**BRIEF:** Using the listing below, give again exactly the lines from the line with "Months after their" to the line with "All-Clad 12 Glass Lid - Each", inclusive, without the pictures.

**INPUT RECORDS:**
= Beginning of Section =
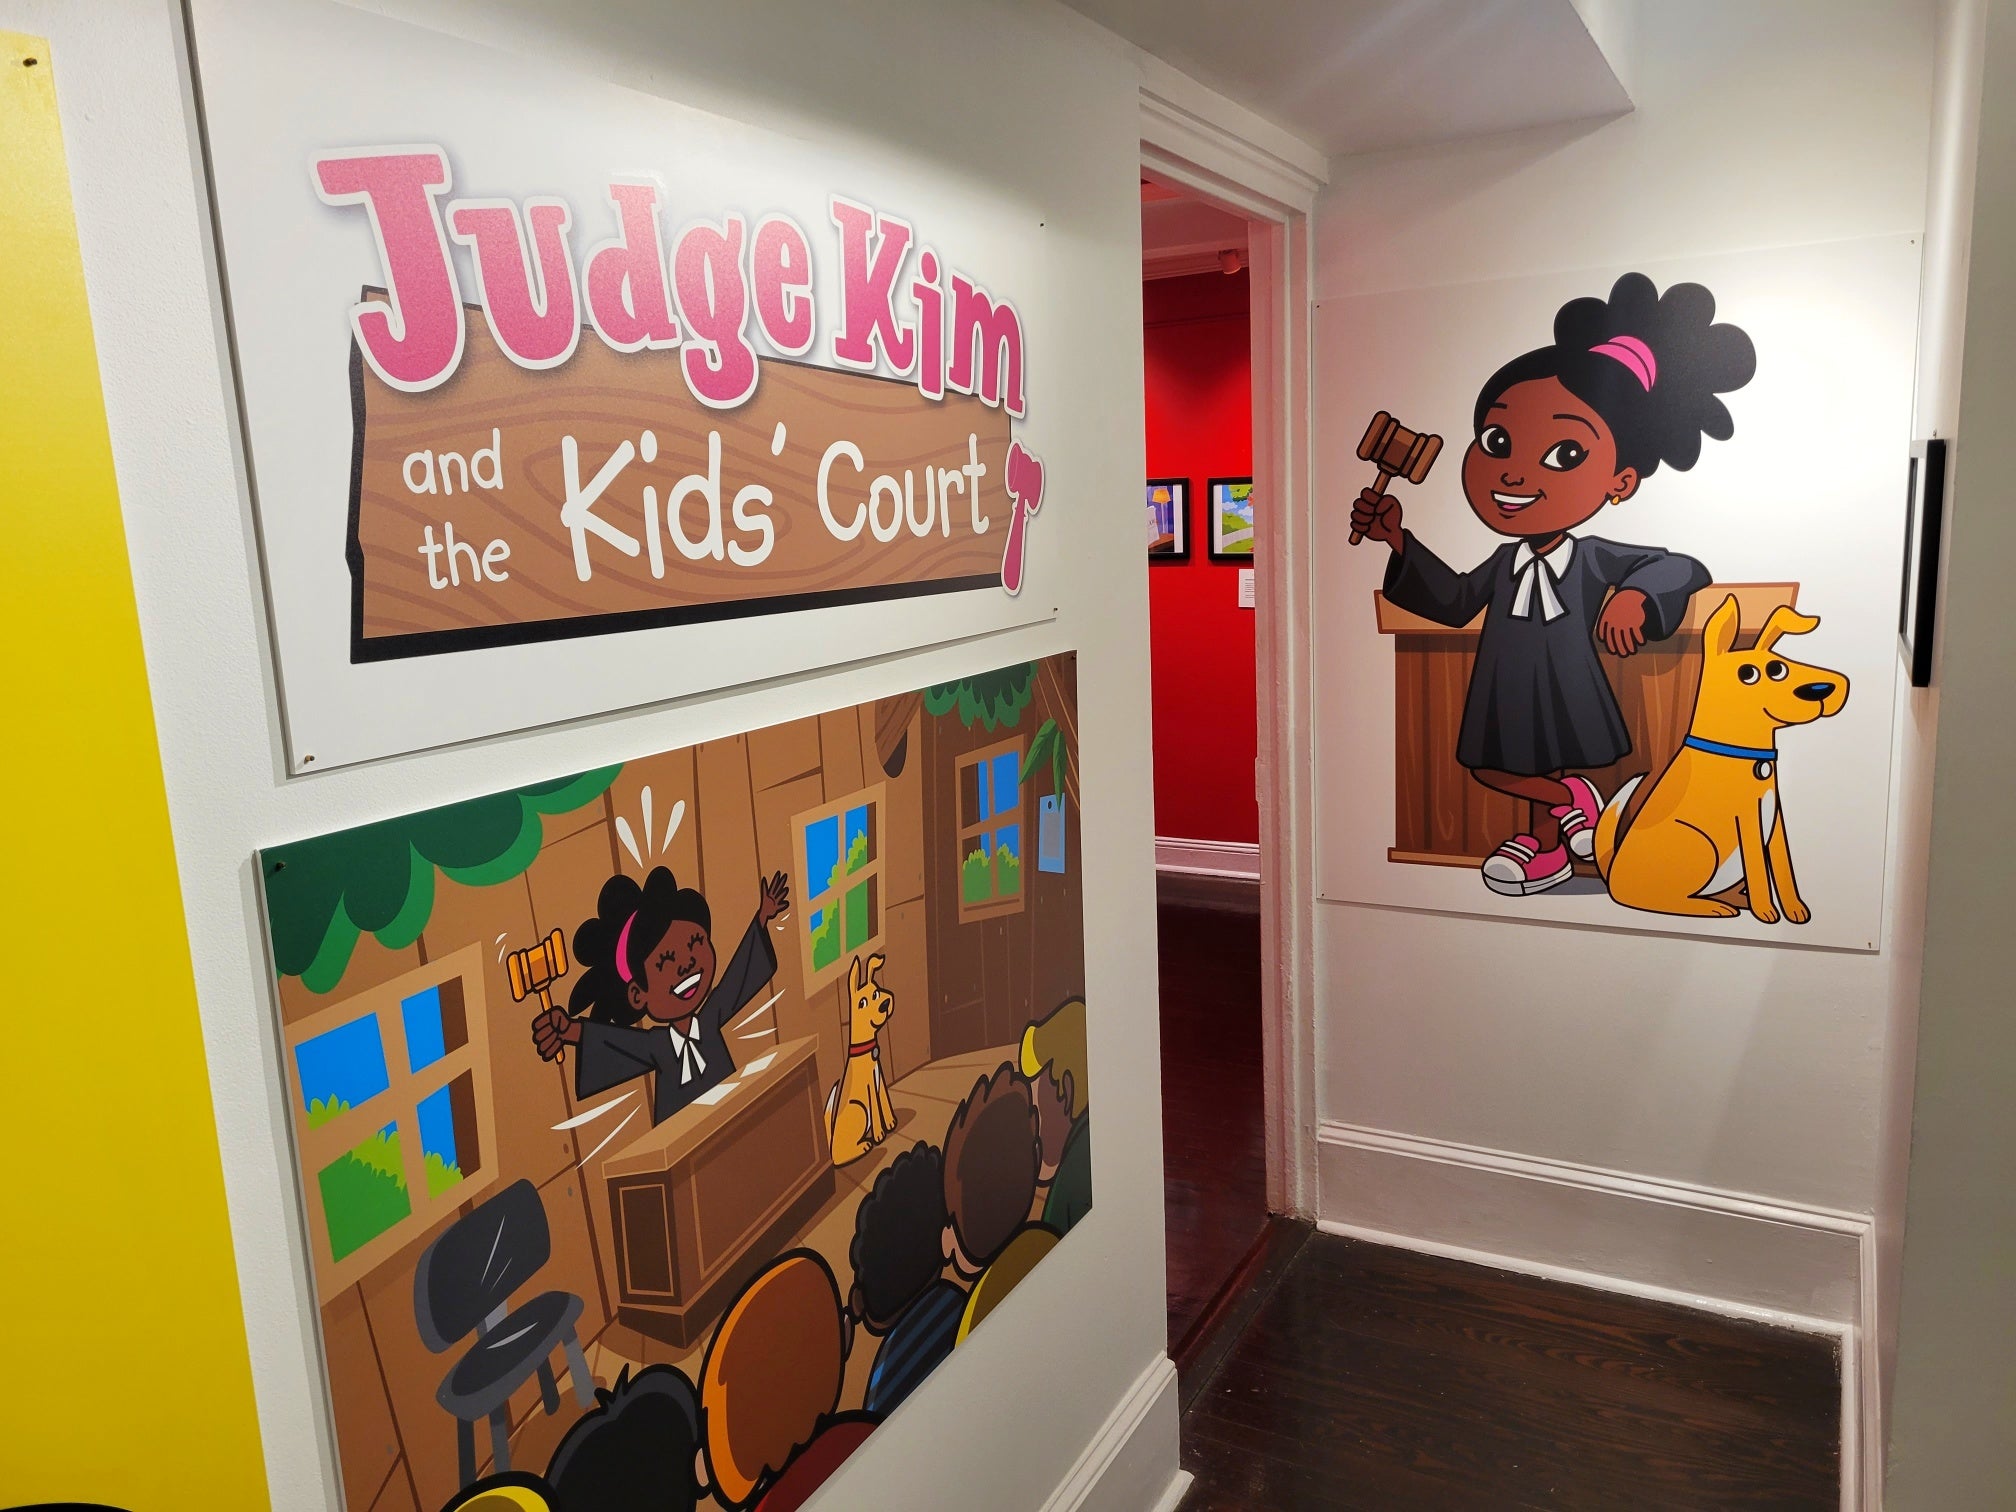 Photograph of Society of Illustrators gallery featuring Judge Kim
= End of Section =
= Beginning of Section =
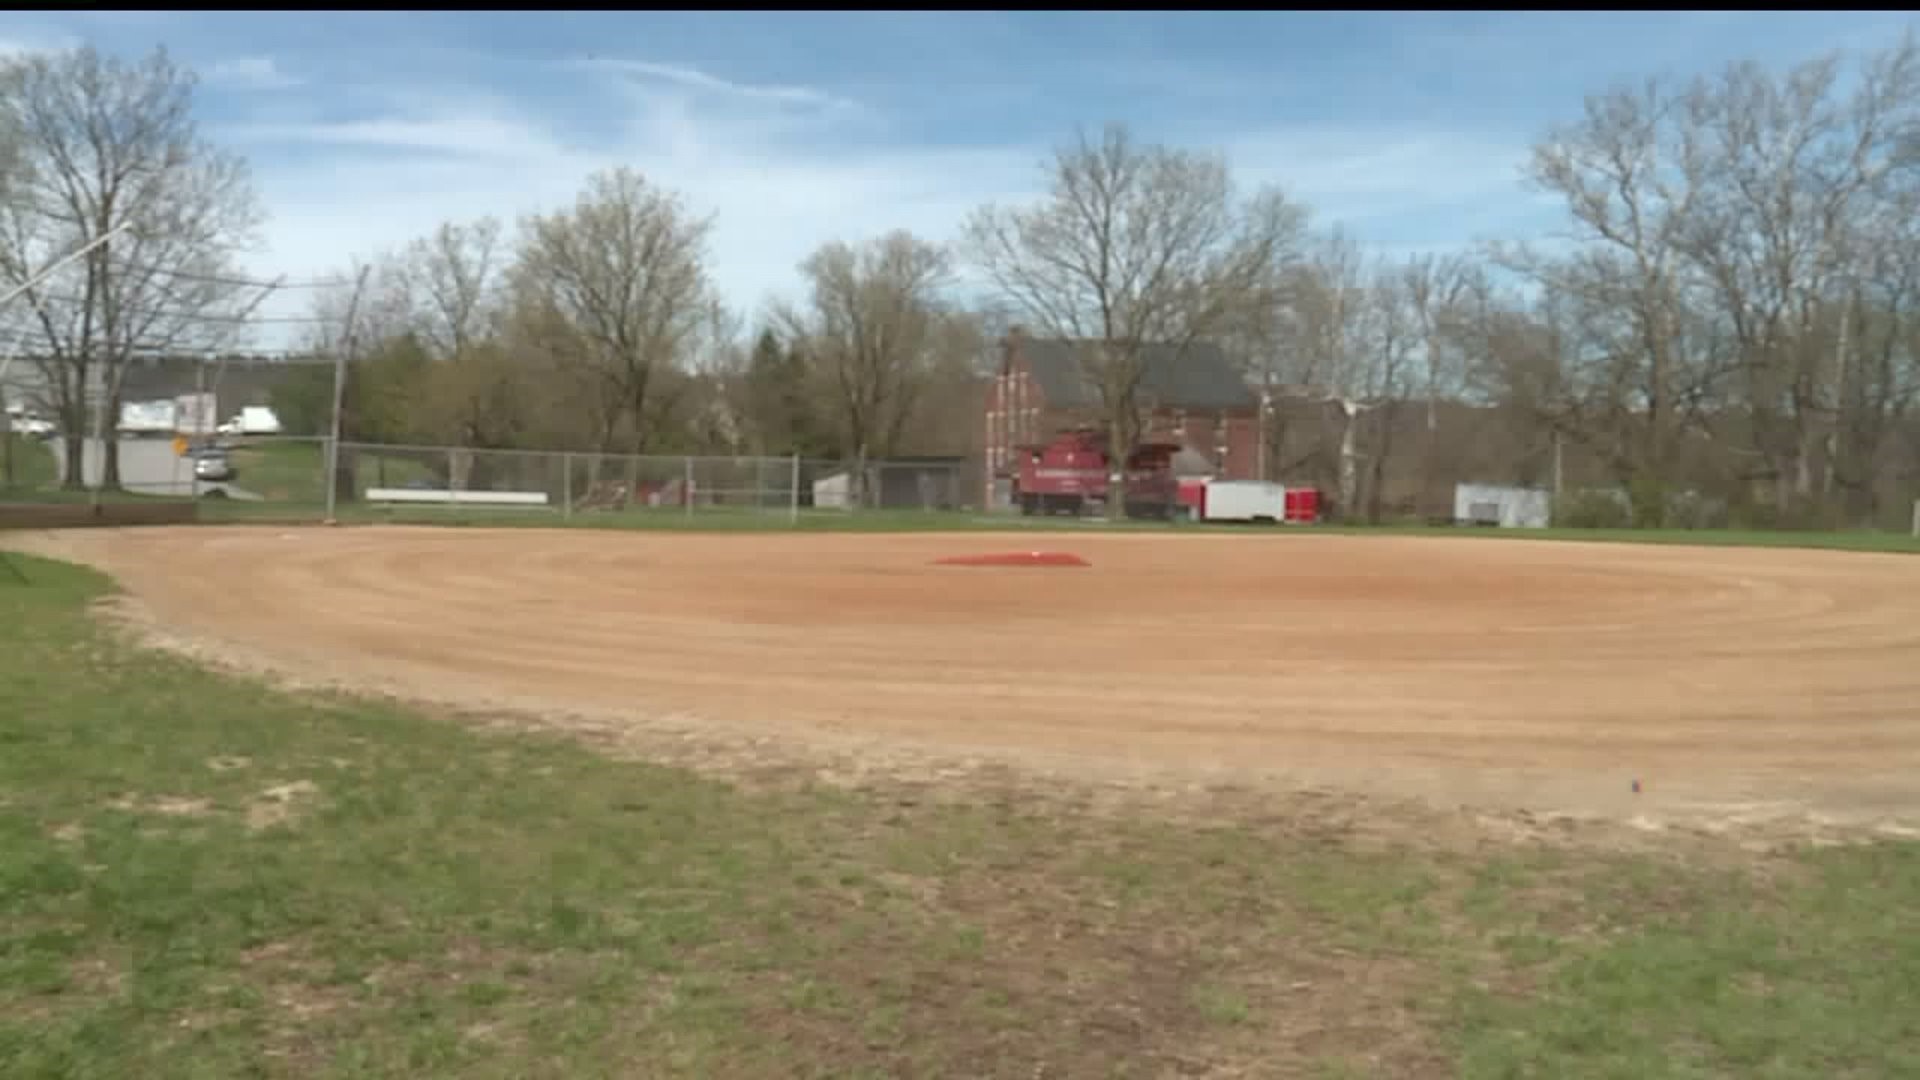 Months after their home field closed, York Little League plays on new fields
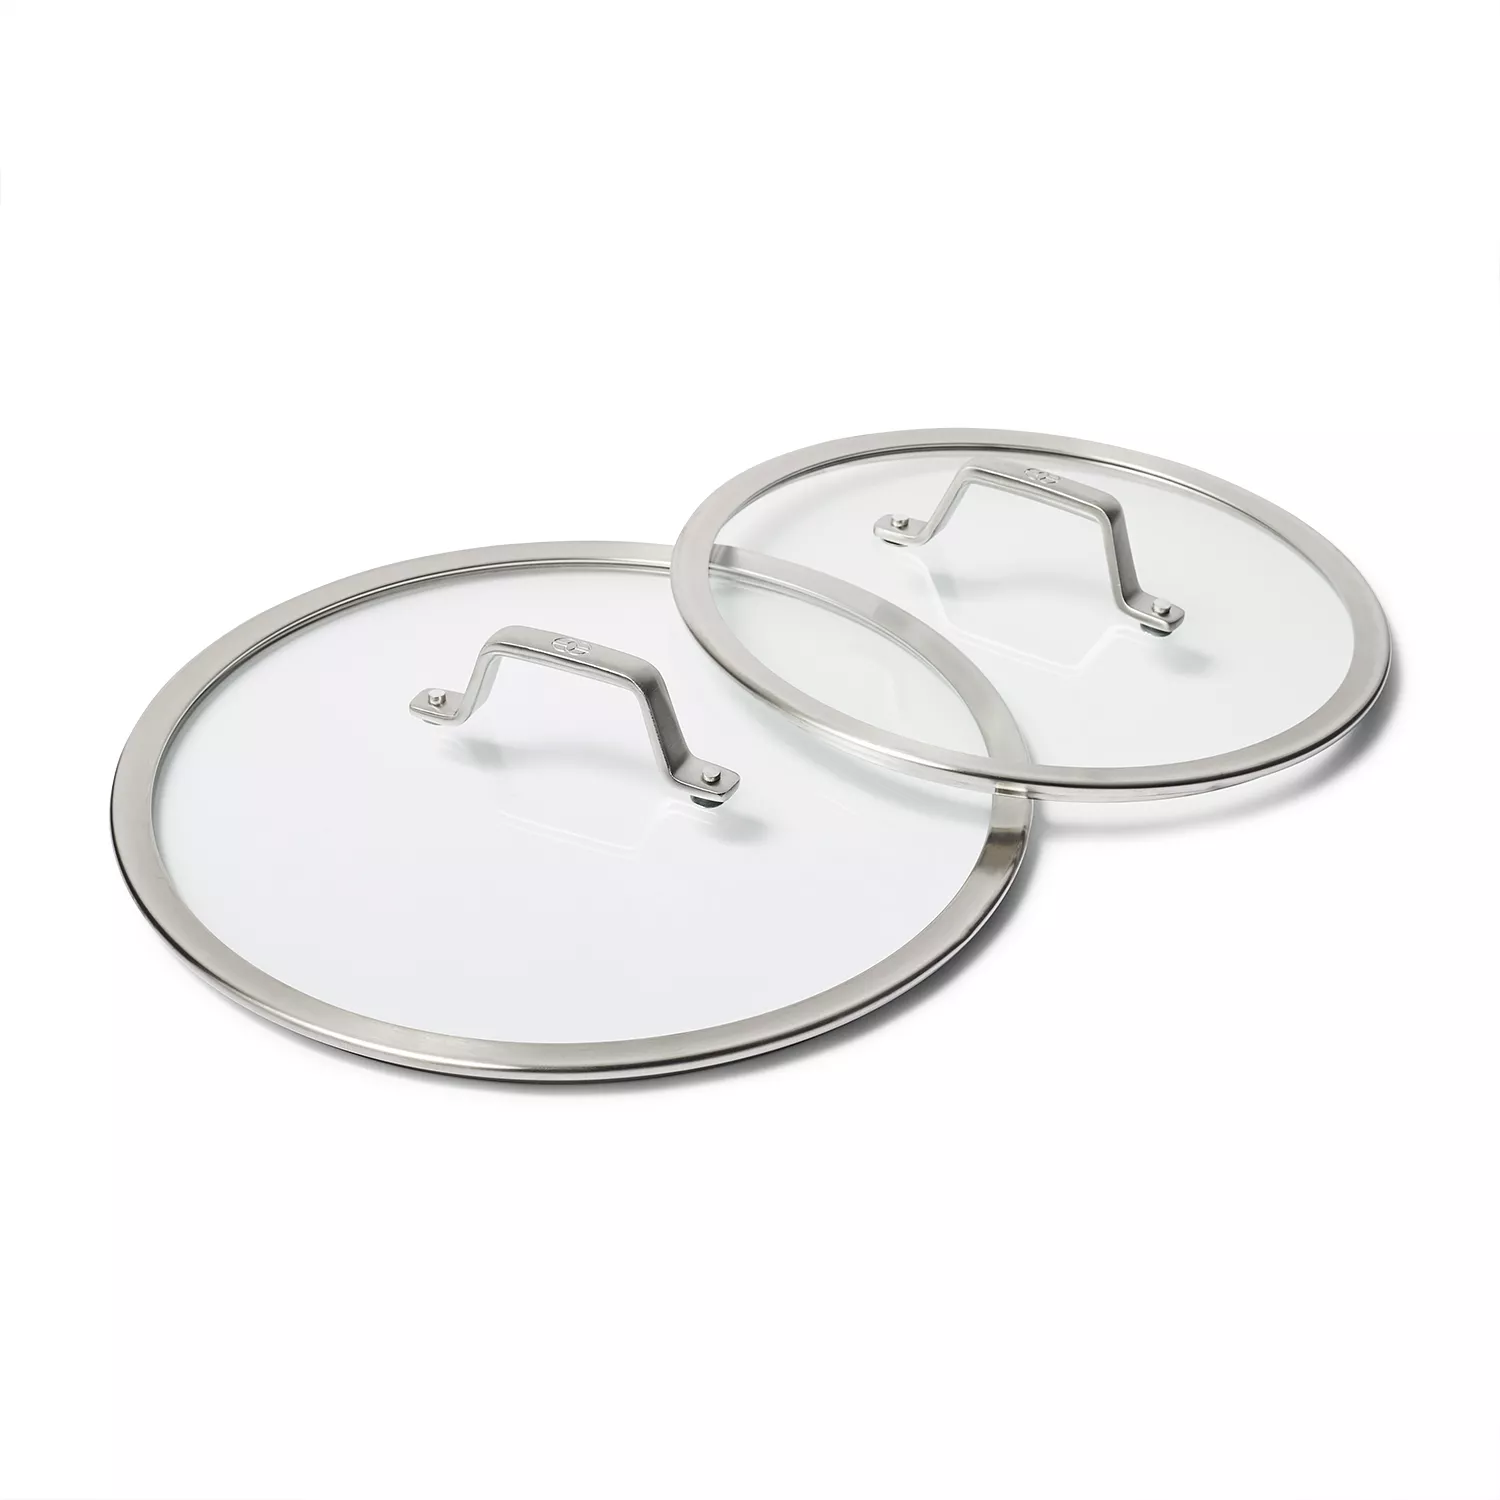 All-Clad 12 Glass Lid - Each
= End of Section =
**THE COMPLETED TASK:**
 Months after their home field closed, York Little League plays on new fields
 All-Clad 12 Glass Lid - Each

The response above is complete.